Immunofluorescence and LacZ Staining
For immunofluorescence staining, the first 2 cm of duodenum was removed and the subsequent proximal 5 cm of jejunum was cut open length-wise, Swiss-rolled, and fixed overnight in Zn formalin and then processed for paraffin embedding. Sections (5 um) from paraffin blocks were used for immunofluorescence staining with the following primary antibodies: tdTomato (dsRed mouse, 632392; Takara Biosystems; rabbit, 632496; Takara Biosystems), GFP (6673; Abcam), E-cadherin (mouse, 610182; BD). All secondary antibodies were used at a 1:600 dilution.
LacZ staining was performed as previously described.
The entire length of the small intestine was divided into 4 segments, labeled as S1, S2, S3, and S4, with S1 being the most proximal and S4 being the most distal. Each segment was flushed with fixative and stained with X-Gal (10703729001; Sigma-Aldrich), Swiss rolled, embedded in paraffin, sectioned, and stained with neutral red.

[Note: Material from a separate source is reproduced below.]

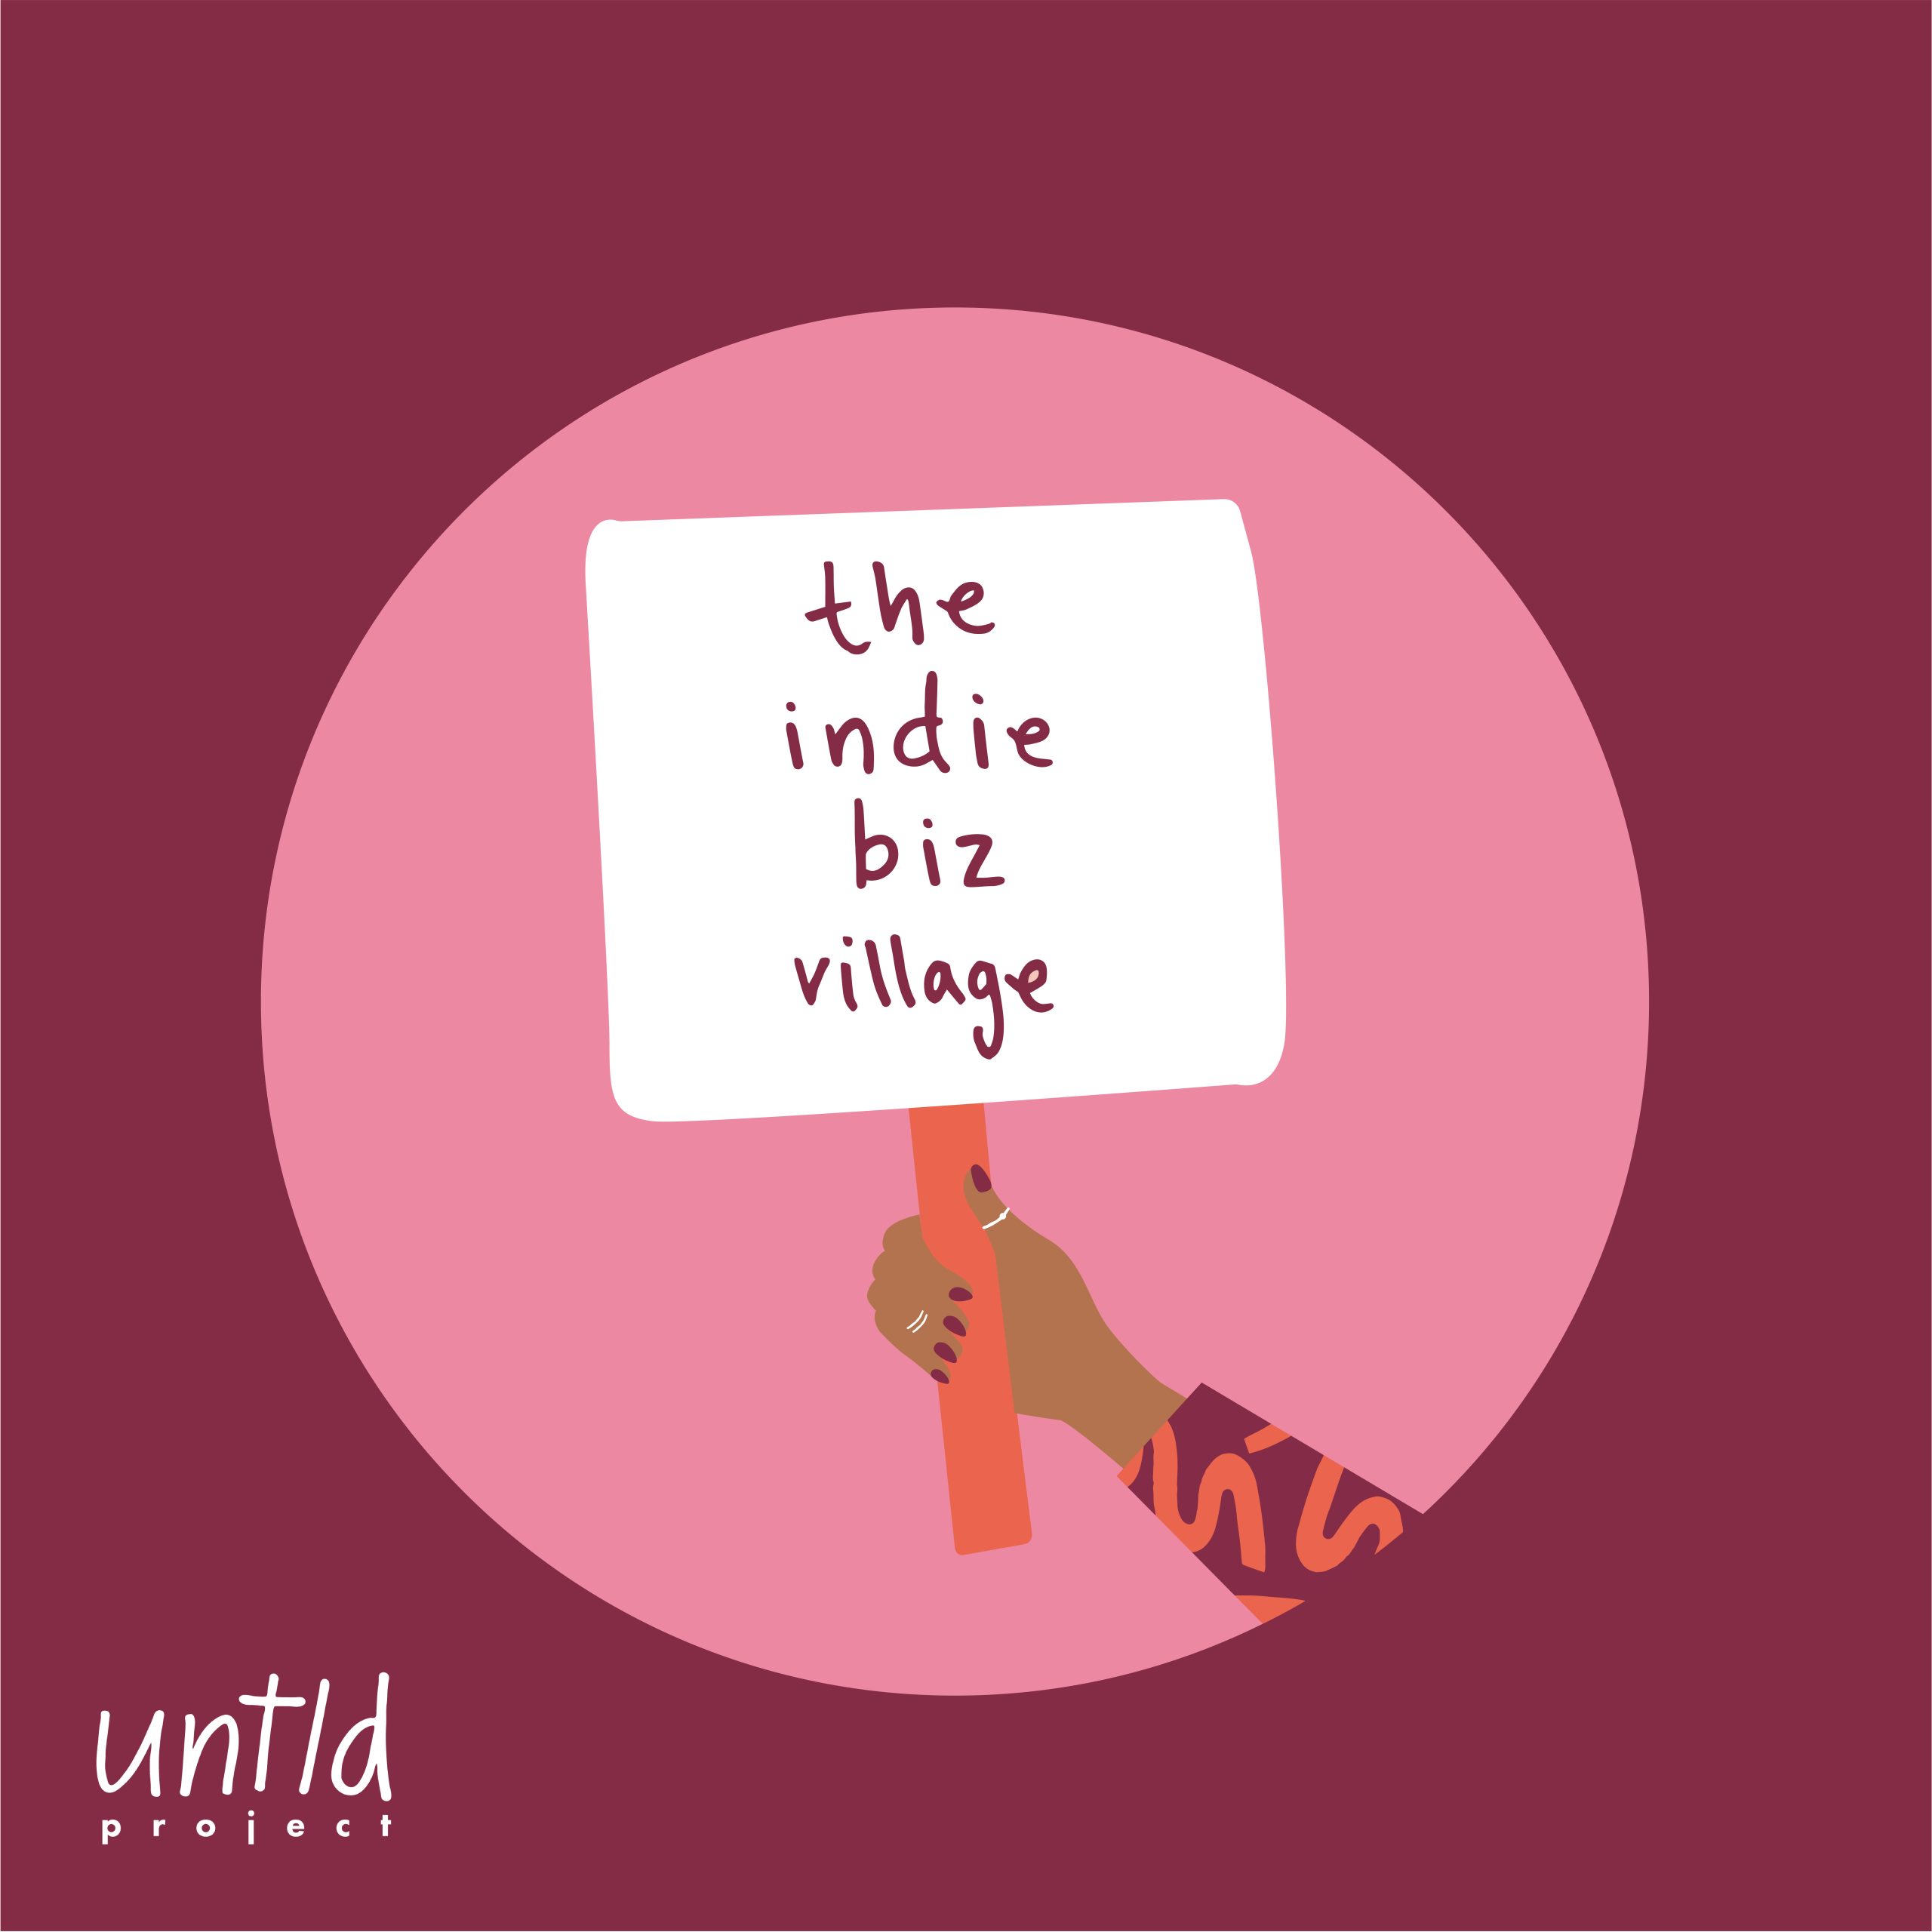 Untld Project Indie Biz - Indie Biz Village-14

Data were analyzed using unpaired and paired 2-tailed Student t tests, and P values are indicated in individual Figures. Specific experimental replicates are described in each Figure legend.
Conflicts of interest The authors disclose no conflicts.
Funding The core facilities of the Center for Molecular Studies in Digestive and Liver Diseases were supported by National Institutes of Health grant P30-DK050306. Also supported by National Institutes of Health grants F31AI150224 (N.M.J.) and R01-DK106309 (C.J.L.), and the State of Pennsylvania Commonwealth Research Enhancement Foundation Health Research Formula Fund (C.J.L.).